A Fractional Two-Strain Epidemic Model with Treatment

¹ Laboratory of Mathematics, Computer Science and Applications, Faculty of Sciences and Technologies, University Hassan II of Casablanca, PO Box 146, Mohammedia, 20650, Morocco
² Laboratory of Mathematics, ENCG of Casablanca, University Hassan II, Casablanca, 20000, Morocco
³ Laboratory of Systems Modelization and Analysis for Decision Support, National School of Applied Sciences, Hassan First University, Berrechid, 26100, Morocco

^* Corresponding author: This email address is being protected from spambots. You need JavaScript enabled to view it.

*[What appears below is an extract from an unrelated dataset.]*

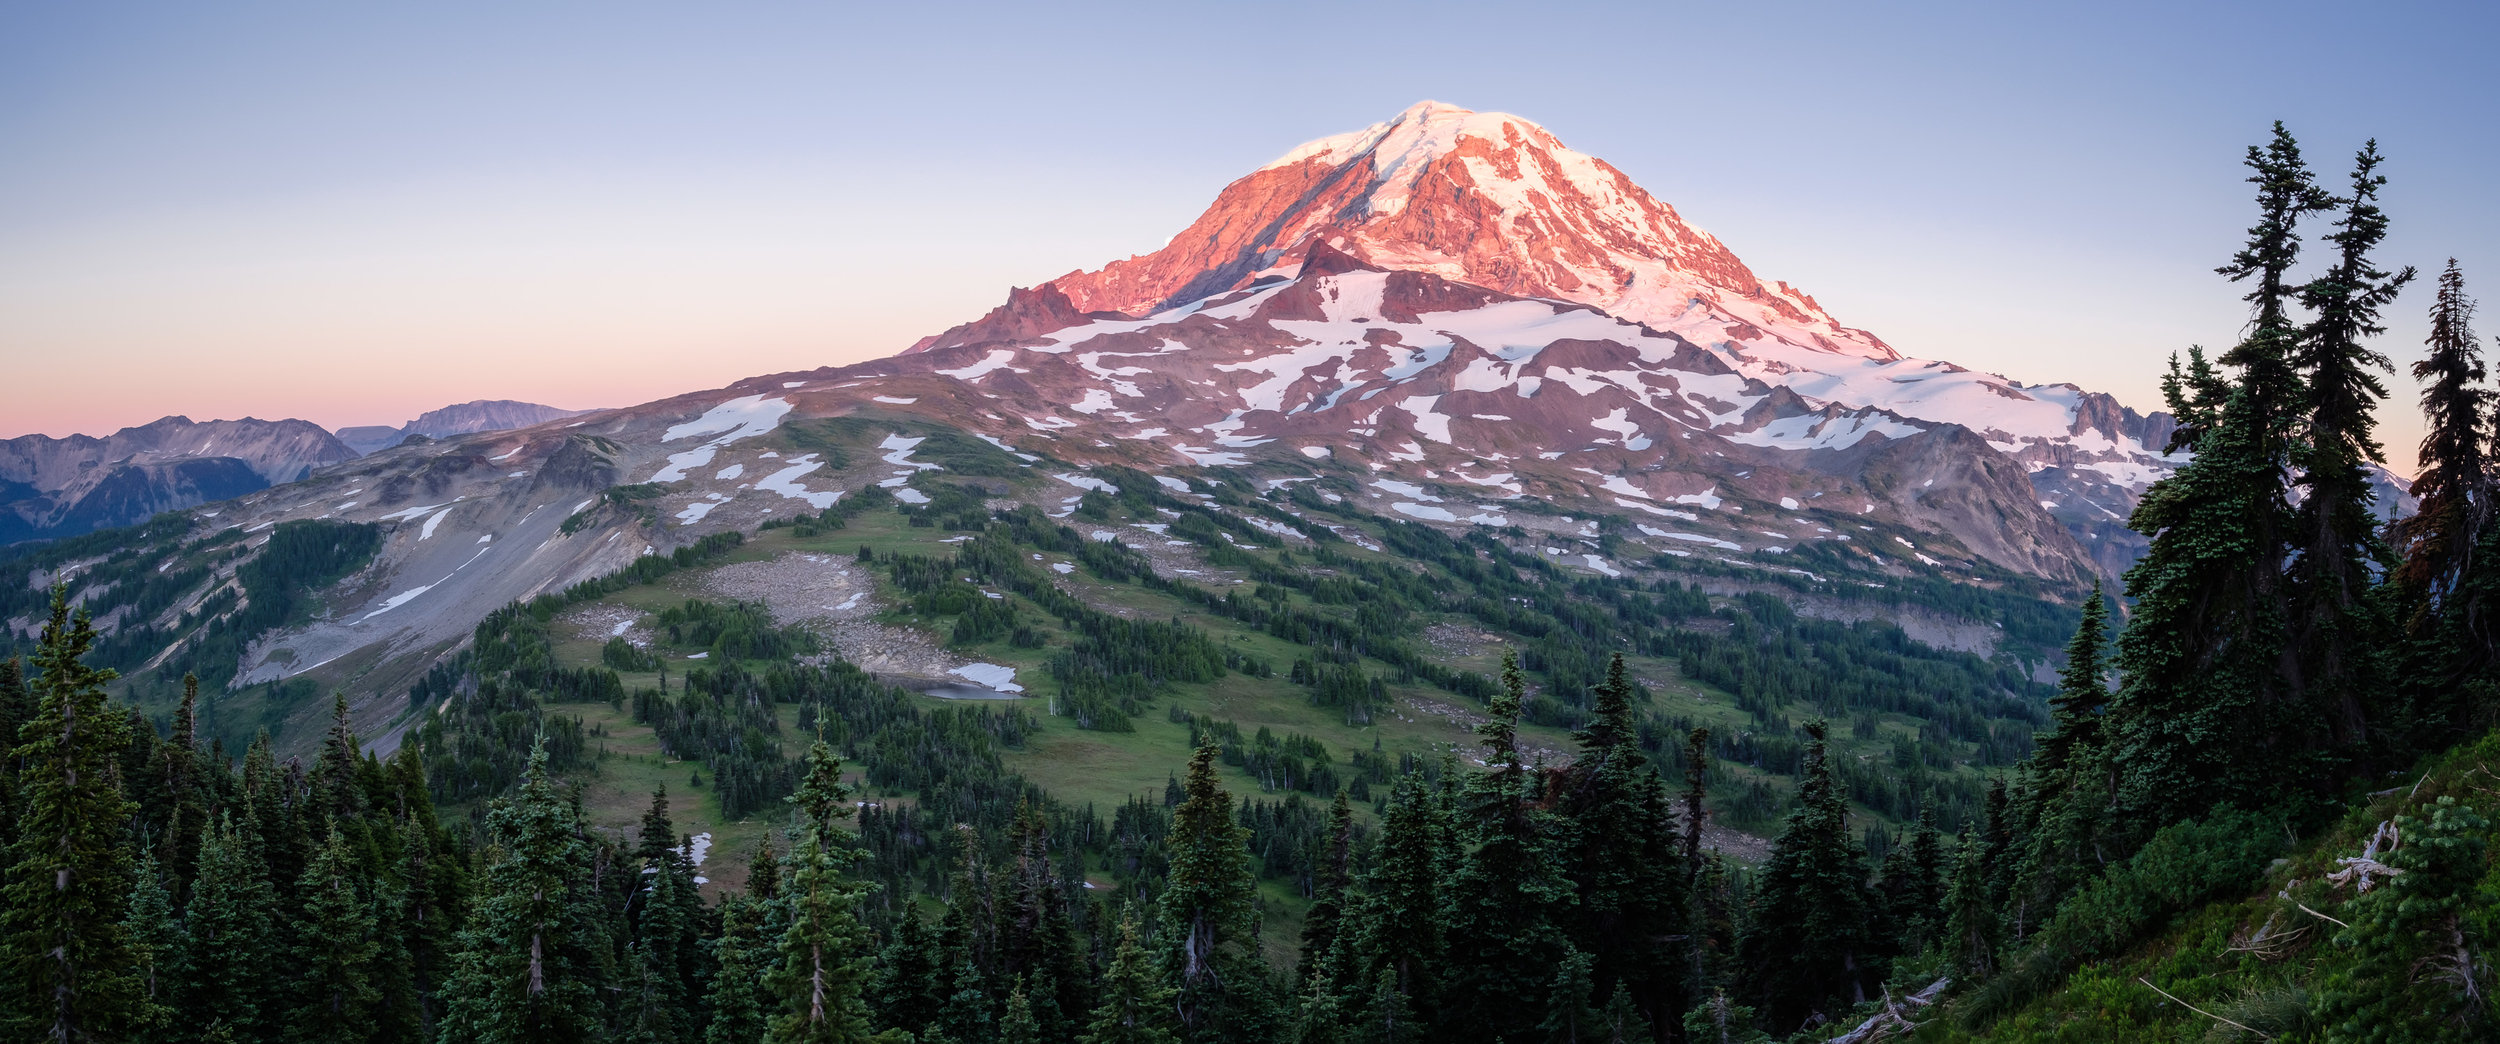  Rainier at sunset above Spray park, from the summit of Mount Pleasant

Published online: 13 May 2026

Abstract

In this study, we develop and examine a fractional-order epidemic model involving two strains, while taking into account treatment strategies and generalized incidence rates. The transmission dynamics of the two strains are described by two nonlinear incidence functions f (S, I₁)I₁ h (S, I₂)I₂ allowing the model to capture more realistic infection mechanisms beyond the classical bilinear form. The proposed model is formulated as a system of four Caputo fractional differential equations describing the interactions among susceptible, infected, and recovered individuals. Initially, it is established that solutions exist, are unique, positive and bounded. Next, the basic reproduction numbers corresponding to each strain are computed using the next-generation matrix approach. The existence of both the disease-free and endemic equilibrium states is analyzed, and sufficient conditions for their global stability are established through appropriate Lyapunov functionals. Finally, numerical simulations are performed to support the analytical results and to demonstrate the impact of the fractional-order derivative on the system’s convergence behavior. The role of treatment strategies in limiting the spread of the infection is also examined.